A 29-year-old debut novelist has been shortlisted for this year’s Man Booker Prize for a book she began writing on her mobile phone on her way to work.
British writer Fiona Mozley is up for one of the world’s most prestigious literary prizes for Elmet, described by judges as ‘timeless in its epic mixture of violence and love’.
She sits alongside heavyweights like Scottish author Ali Smith and Mohsin Hamid for this year’s award in a US-heavy list – and she is second favourite to win the title at odds of 4/1.
Mozley began writing Elmet, set in the copses of Yorkshire, on a train from York, where she had been visiting family and where she grew up, to London, where she was going straight to work.
British writer Fiona Mozley is up for one of the world’s most prestigious literary prizes for Elmet, described by judges as ‘timeless in its epic mixture of violence and love’
She sits alongside heavyweights like Scottish author Ali Smith (pictured) and Mohsin Hamid for this year’s award in a US-heavy shortlist – and she is second favourite to win the title at odds of 4/1
Elmet wrote the first chapter as the landscape of her native Yorkshire whizzed past the window.
The author previously said that she kept her writing secret from friends because it spurred her on.
‘I did not want to set myself up for a fall, I didn’t want to expect it to be published,’ the author, who has worked for a literary agency in London, previously told the Evening Standard.
‘I thought, if I didn’t tell my friends I was writing it I’d be more likely to finish.

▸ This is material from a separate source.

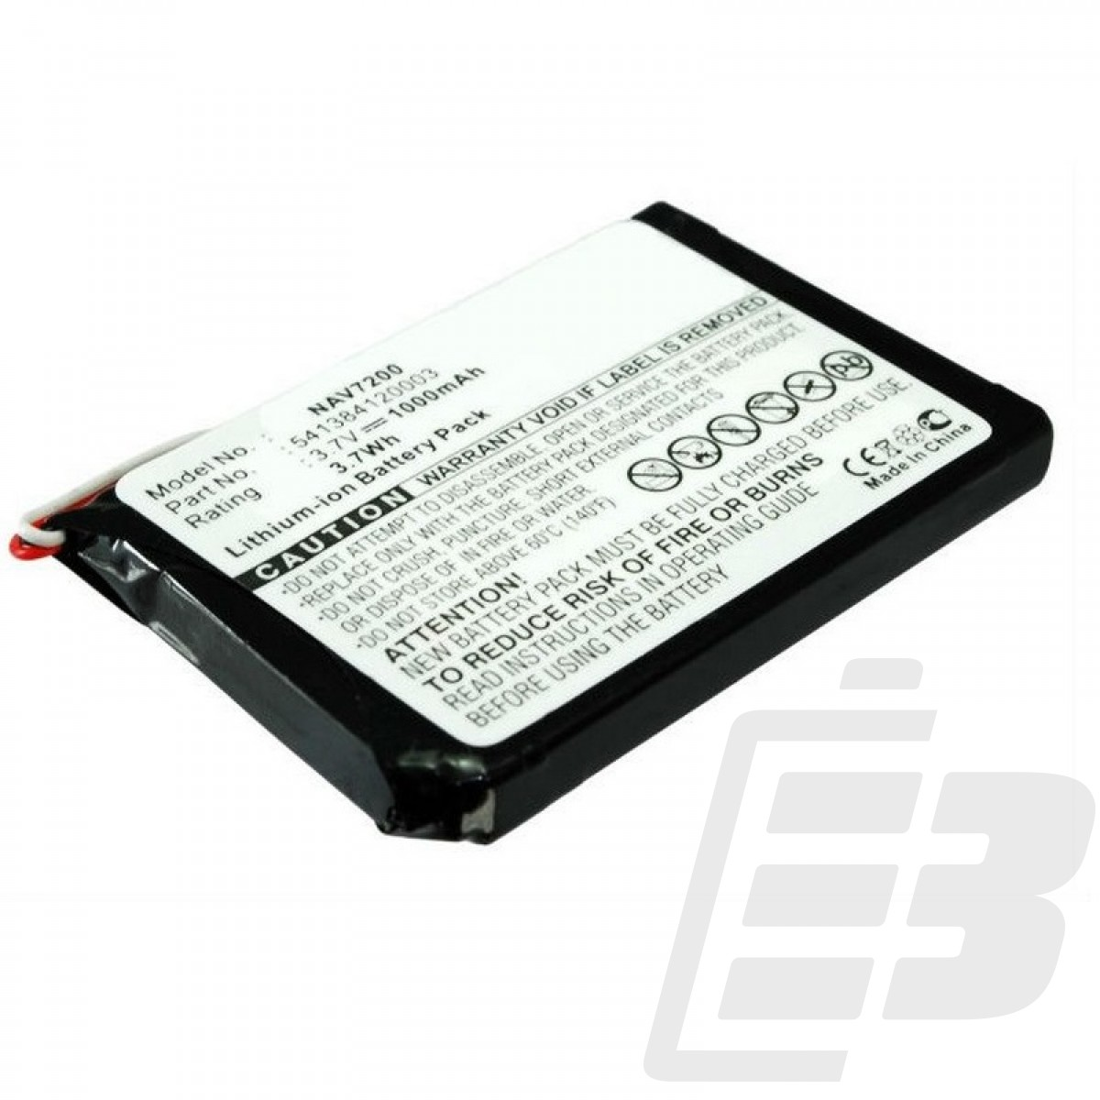 GPS battery Navigon 72 Plus Live_1

So I just got on with it.’
The result, Elmet, has been described as a ‘forceful’ and ‘tremendously potent’ first novel, which is ‘also timely’ on the ‘doomed resistance to the encouragement of an ever more faceless world’.
Since the longlist was announced, Elmet’s publisher, JM Originals, printed 13,000 copies but with the shortlist announcement it decided to make an additional 15,000.
Normally, titles on the JM Originals list have a print run of just 1,500.
Seen through the eyes of a child, Elmet is the story of a moody, philosophical bare-knuckle fighter who brings up his children ‘in defiance of social norms’.
British-Pakistani author Mohsin Hamid completes the shortlist for Exit West, about the movement of large numbers of people across the globe in search of freedom and those ‘caught up literally and metaphorically in crossfire’
US author Paul Auster’s 4321 is set against the backdrop of the Vietnam War and civil rights movement
Half the authors on the shortlist – including the bookies’ favourite to win, George Saunders (pictured) for Lincoln In The Bardo – are US authors
Emily Fridlund’s History Of Wolves explores ‘the effects of neglectful parenting’ and the repercussions of childhood isolation and loneliness and is set in ‘the austere wilds of Minnesota’
Heavyweight Arundhati Roy’s second novel The Ministry Of Utmost Happiness – her first in 20 years – has not been shortlisted while British literary star Zadie Smith’s Swing Time has also been dropped after making the longlist earlier this year.
Scottish author Smith has been shortlisted for the fourth time, this year for Autumn, a book ‘in part about Brexit’.
Part of a quartet of books, it is the story of a dying man ‘whose country seems to have changed after the Brexit vote’.
Judges said that it ‘deftly questions what it means to be displaced in one’s own country’ and is a ‘eulogy for lost time’.
Half the authors on the shortlist – including the bookies’ favourite to win, George Saunders for Lincoln In The Bardo – are US authors.
Lincoln In The Bardo focuses on a single night and actual historical event in the life of a ‘heartbroken’ Abraham Lincoln, when he lays to rest his 11-year-old son in a Washington cemetery.
While readers ‘might expect a book set in graveyard’ to ‘create a very dark world’ the book was ‘a great expansive torrent of a novel’, judges said.
Judges dismissed controversy over the number of US names on the list, saying that the shortlist – recently opened up to US writers – was ‘not about the nationality of the authors’ but ‘what is the best book’.
The other two US authors are Paul Auster for 4321, set against the backdrop of the Vietnam War and civil rights movement, and Emily Fridlund for History Of Wolves, which explores ‘the effects of neglectful parenting’ and the repercussions of childhood isolation and loneliness and is set in ‘the austere wilds of Minnesota’.
British-Pakistani author Mohsin Hamid completes the shortlist for Exit West, about the movement of large numbers of people across the globe in search of freedom and those ‘caught up literally and metaphorically in crossfire’.
Judges said that while the topics were varied, many of the books tackled parenting.
The winner of the shortlist, which features three men and three women, will be announced on October 17.